- Motto: "Rerevaka na Kalou ka Doka na Tui" "Fear God and honour the King"
- Location of Kingdom of Fiji
- Capital: Levuka
- Common languages: Fijian
- Government: Semi-constitutional monarchy
- • 1871–1874: Ratu Seru Epenisa Cakobau
- • 1872: Robert Wilson Hamilton
- • 1872–1873: Charles Rossiter Forwood
- • 1873–1874: Sydney Charles Burt
- • 1871–1872: Sydney Charles Burt
- • 1872–1874: George Austin Woods
- • 1874: John Bates Thurston (acting)
- • Established: 5 June 1871
- • Annexed by the United Kingdom: 10 October 1874
- Currency: Fijian pound
| Preceded by | Succeeded by |
| / Ancient Fiji | Colony of Fiji / |
- Today part of: Fiji

= Kingdom of Fiji =

1871–1874 monarchy in Fiji

The Kingdom of Fiji (Matanitu o Viti), also known as the Kingdom of Viti, was a short-lived monarchy in Fiji. It existed from 1871 to 1874, with Ratu Seru Epenisa Cakobau as King.

==History==

The Kingdom of Fiji was the first unified Fijian state, and it covered all of modern Fiji, except the island of Rotuma. Cakobau was the Vunivalu (Warlord or Paramount Chief) of the island of Bau. His father, Tanoa Visawaqa, had conquered the Burebasaga Confederacy but never subdued western Fiji. Cakobau controlled most of the eastern parts of the Fijian Islands and declared himself King of Fiji (Tui Viti). This met with opposition from other chiefs, who regarded him as at best first among equals. However, in June 1871, John Bates Thurston, the British honorary consul, persuaded the Fijian chiefs to accept a constitutional monarchy with Cakobau as the King, but with real power in the hands of a cabinet and legislature dominated by Australian settlers. The Legislative Assembly met for the first time in Levuka in November 1871.

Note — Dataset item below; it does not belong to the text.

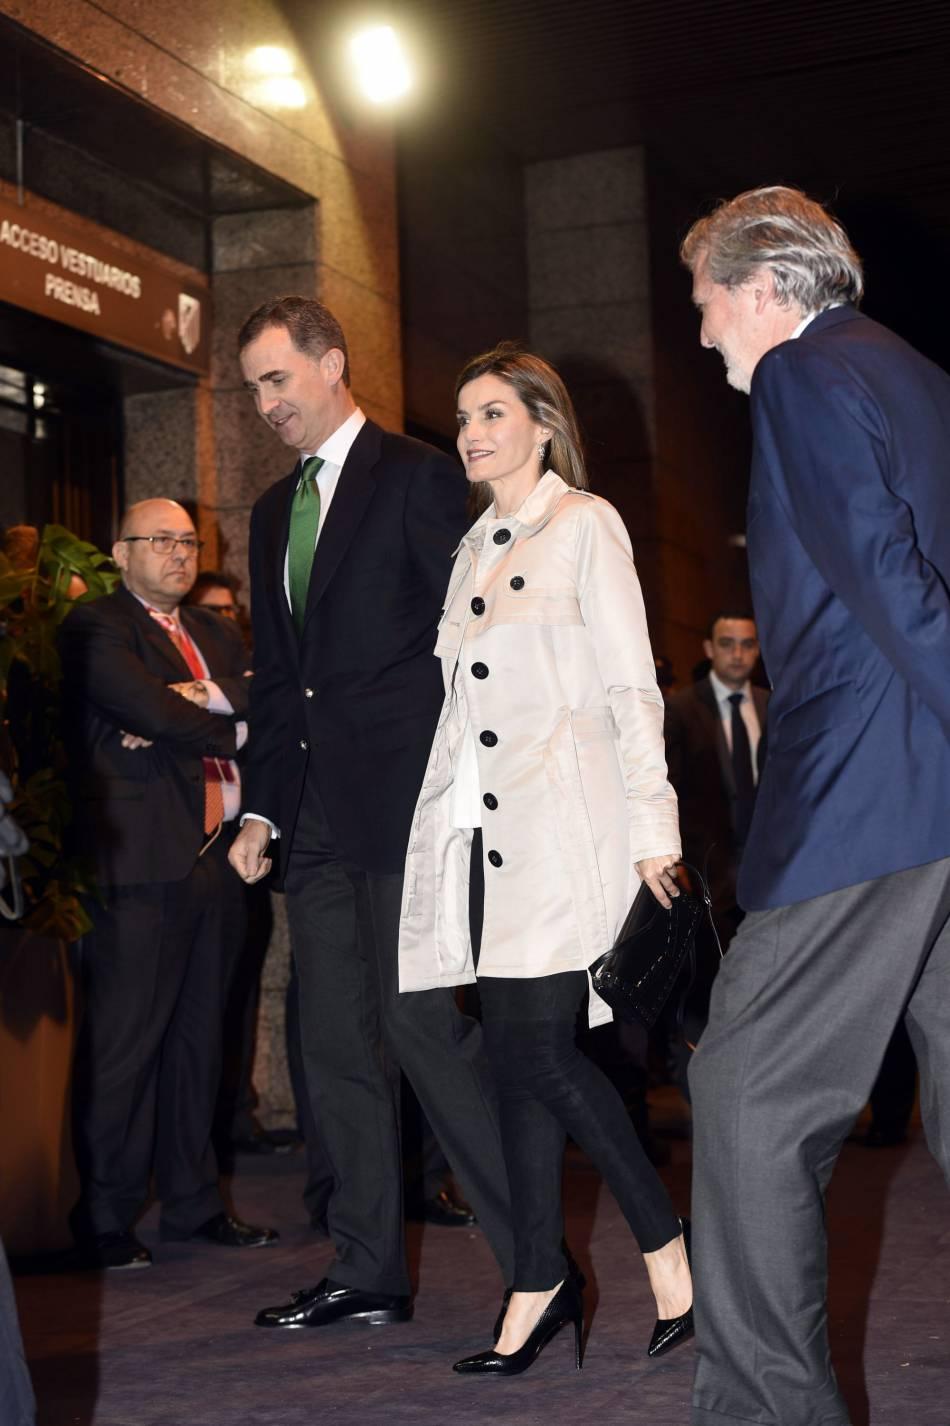 Le roi et la reine d'Espagne ont célébré leur anniversaire de mariage au stade de foot de Madrid.

Within months, government overspending had led to the accumulation of unmanageable debt. In 1872, following continuing economic and social unrest, Thurston approached the British government, at Cakobau's request, with an offer to cede the islands. Two British commissioners were sent to Fiji to investigate the possibility of an annexation. The question was complicated by maneuverings for power between Cakobau and his old rival, Maʻafu, with both men vacillating for many months. On 21 March 1874, Cakobau made a final offer, which the British accepted. On 23 September, Sir Hercules Robinson, soon to be appointed the British Governor, arrived on HMS Dido and received Cakobau with a royal 21-gun salute. After some vacillation, Cakobau agreed to renounce his Tui Viti title. On 10 October 1874, Cakobau, Ma'afu, and a group of some senior chiefs of Fiji signed two copies of a Deed of Cession establishing the Colony of Fiji, which lasted for almost a century – until 10 October 1970, when the Dominion of Fiji became a fully independent Commonwealth realm with Queen Elizabeth II as Queen of Fiji.